Make it timely is based on the idea that the same message can have a markedly different effect depending on when people hear it. This is because a lot of people’s behaviour at work is habitual. We do the same things again and again. In a way, this is a sensible tactic: we have so many decisions to make in life, if we considered what the best thing to do was in every situation, we’d grind to a halt with the sheer effort.

So if we face a situation we’re familiar with, we’ll repeat what we did last time. Ideal if your staff are behaving the way that you want: but problematic if you want to change their behaviour – and how do you achieve that if they’re not even weighing up the merits of what they’re doing?

Choose your moment for better results

Psychologists have identified predictable moments when these habitual behaviours are weakened; one example is based on the work of psychologist Katherine Milkman who came up with an idea called ‘The fresh start effect’.

Her argument is that one of the biggest drivers to human behaviour is the desire to be consistent; and that when we enter new time periods our link with our past self is weakened and we become more open to change.

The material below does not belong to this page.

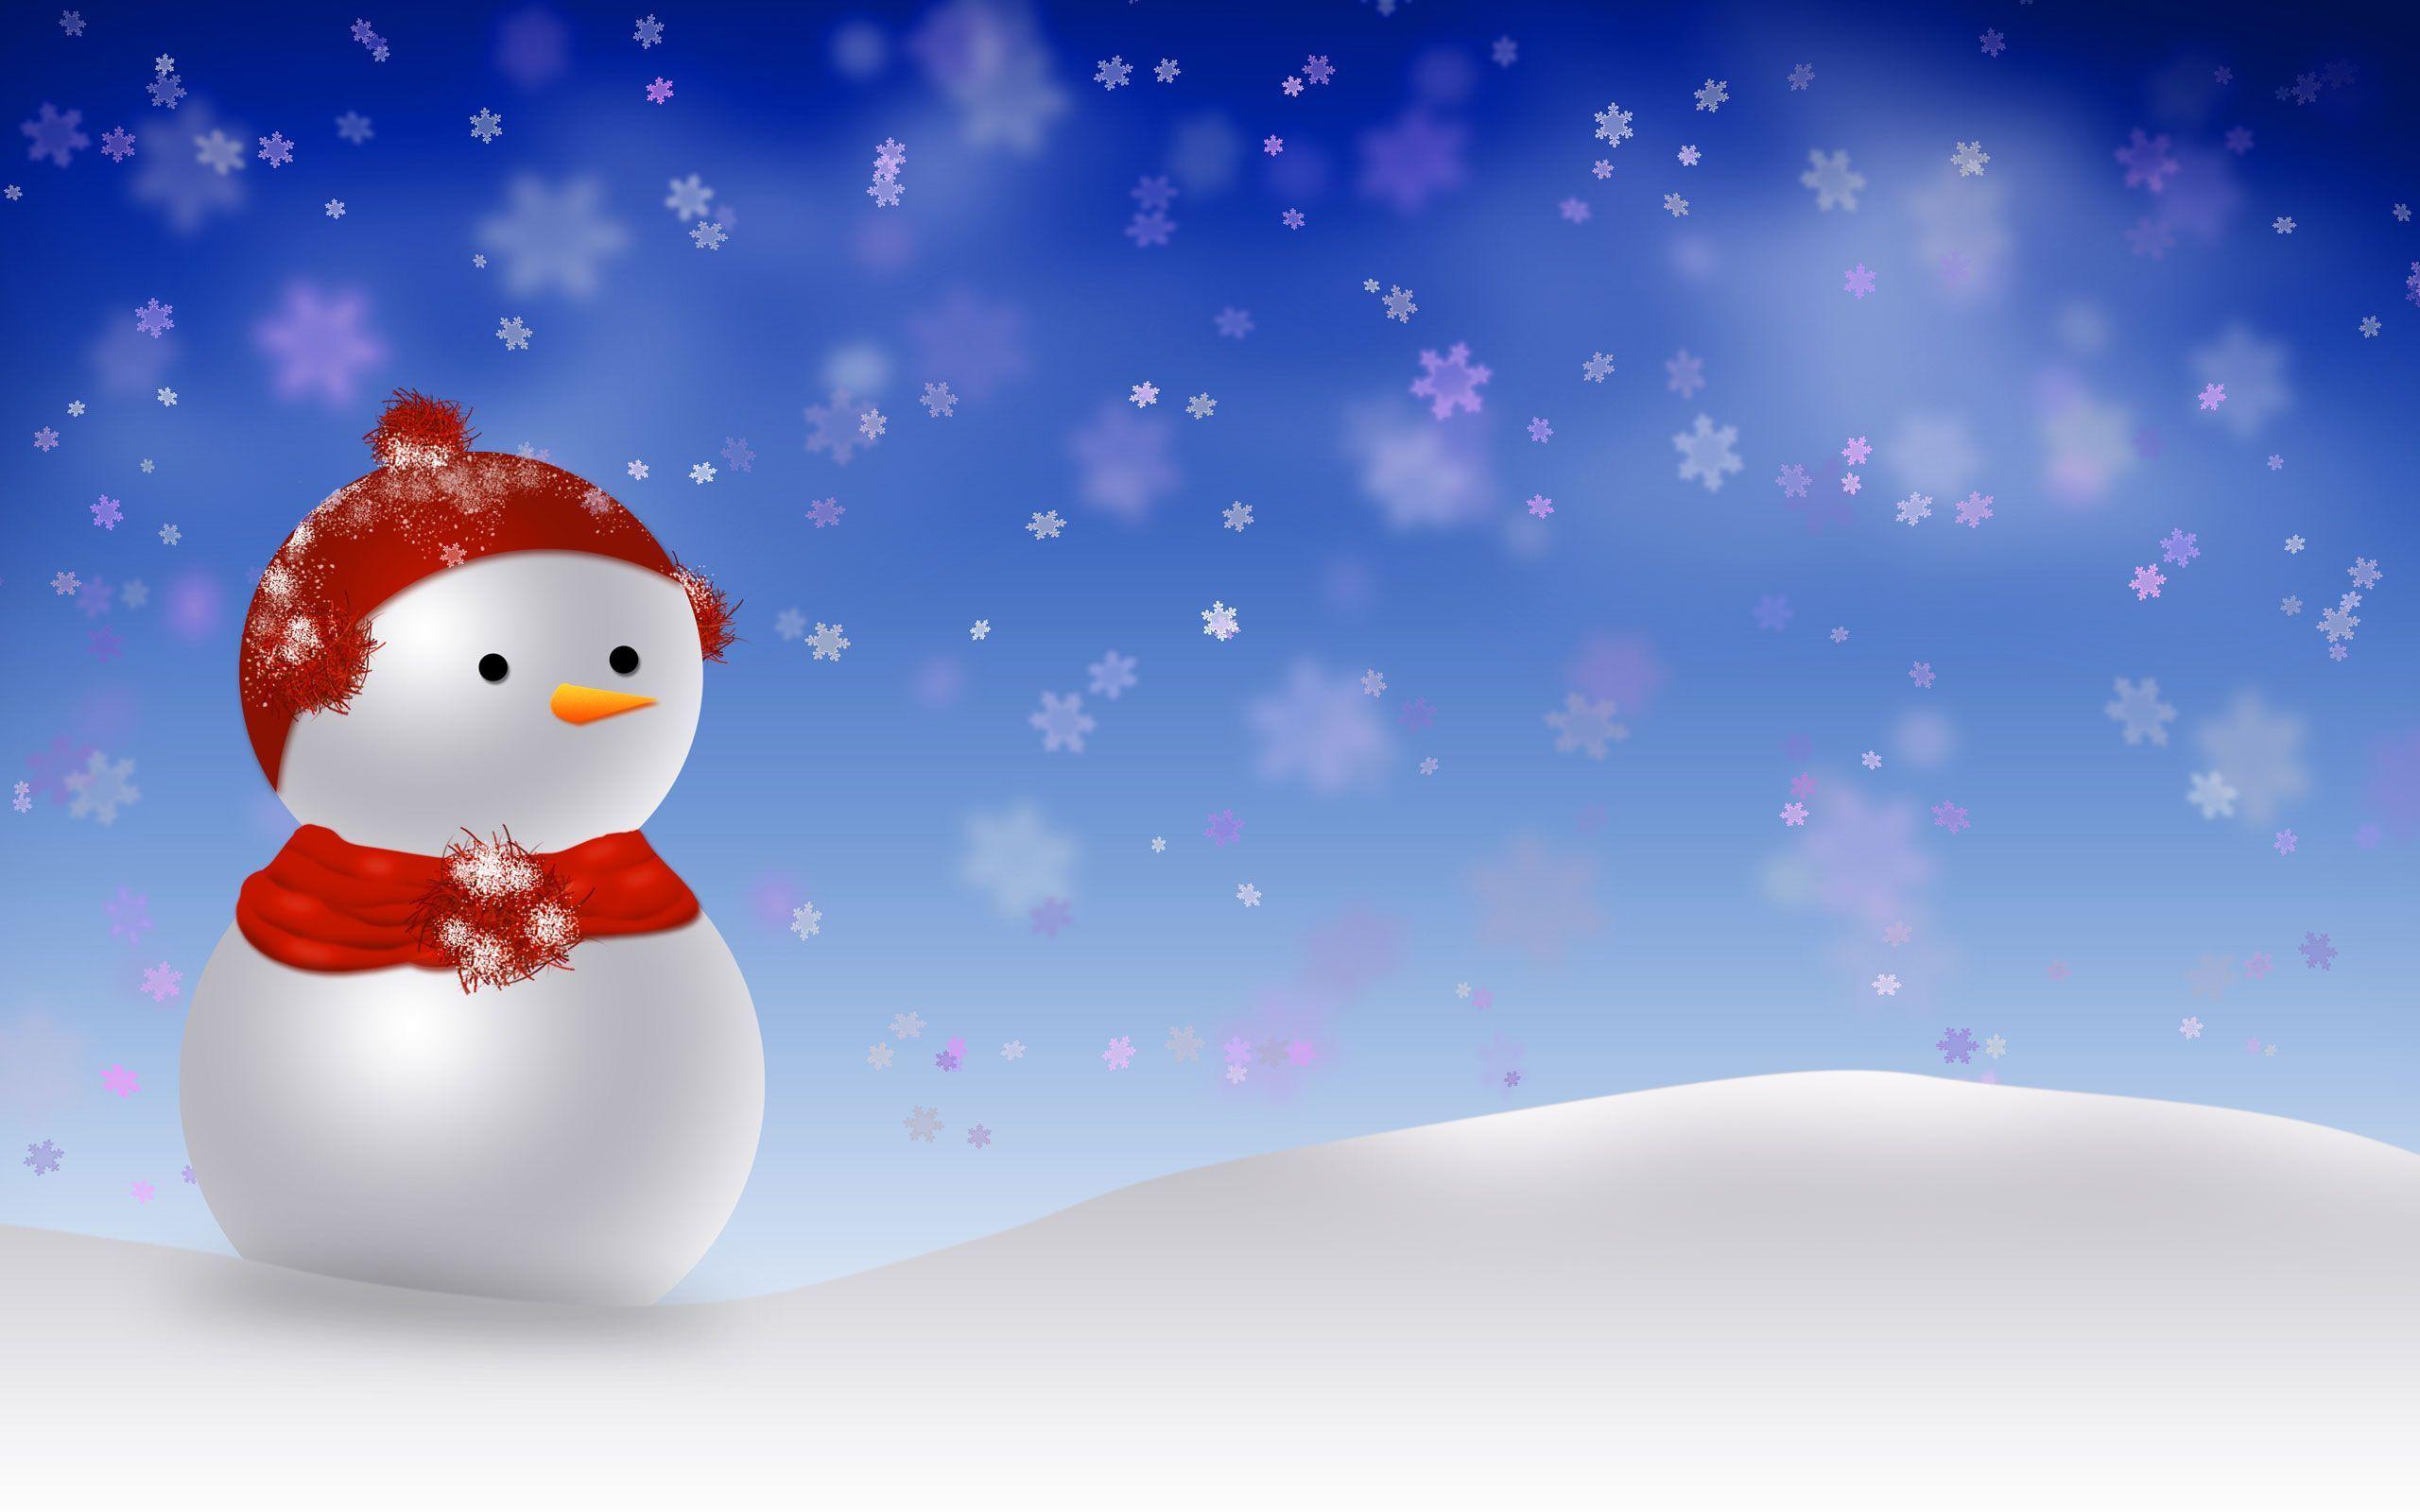 Cute Christmas Snowman Wallpaper Free Cute Christmas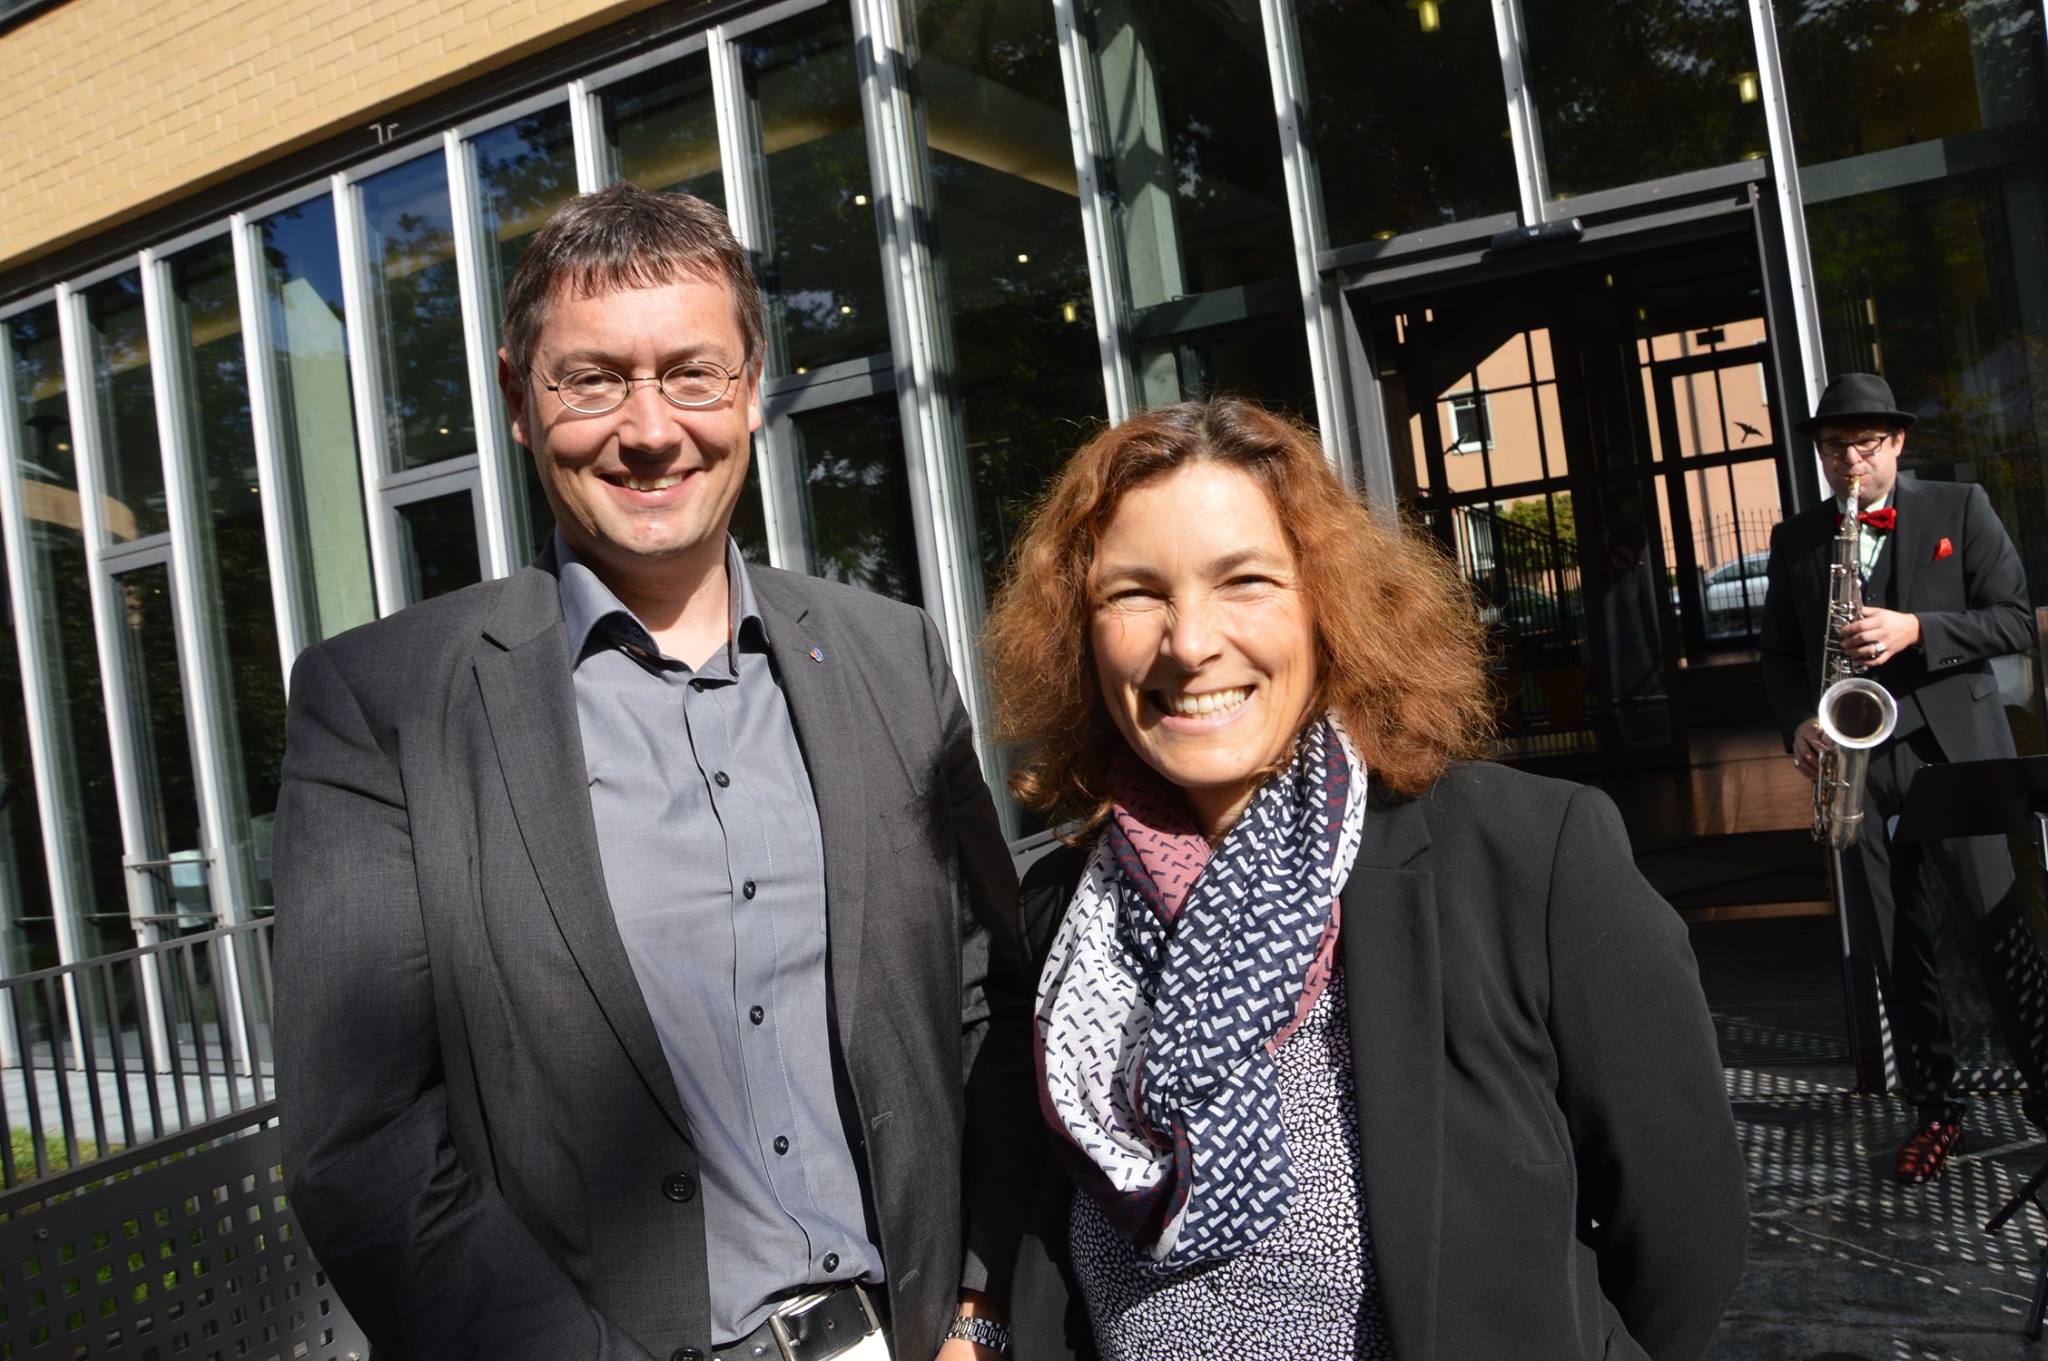 10 Jahre ZBFS - auf dem Foto ist Christoph Wutz, Leiter des bfw Würzburg, und Kerstin Celina. Bild mit freundlicher Genehmigung von Angelika Cronauer.

And she proved it. In her initial study she looked at volumes of Google searches for things like ‘quit smoking, start dieting’. She looked at gym attendance and registration data – an each set of data she looked at revealed a set pattern: at the beginning of new time periods, people were more likely to start diets, to quit smoking, to change their behaviour. So whether it was the start of the year, week, month, or after a holiday or a birthday, these were all moments where people were more open to change.

This was proved again in the commercial world, when Spotify’s ‘Discover Weekly’ playlists were launched. These use subscribers’ listening history to suggest songs they haven’t listened to before. But when Spotify first launched it it was a complete flop; it had been launched midweek. Then Spotify discovered ‘the fresh start effect’ (and Milkman’s work) and decided to relaunch the playlist on a Monday. It was only then that ‘Discover Weekly’ took off and became hugely popular.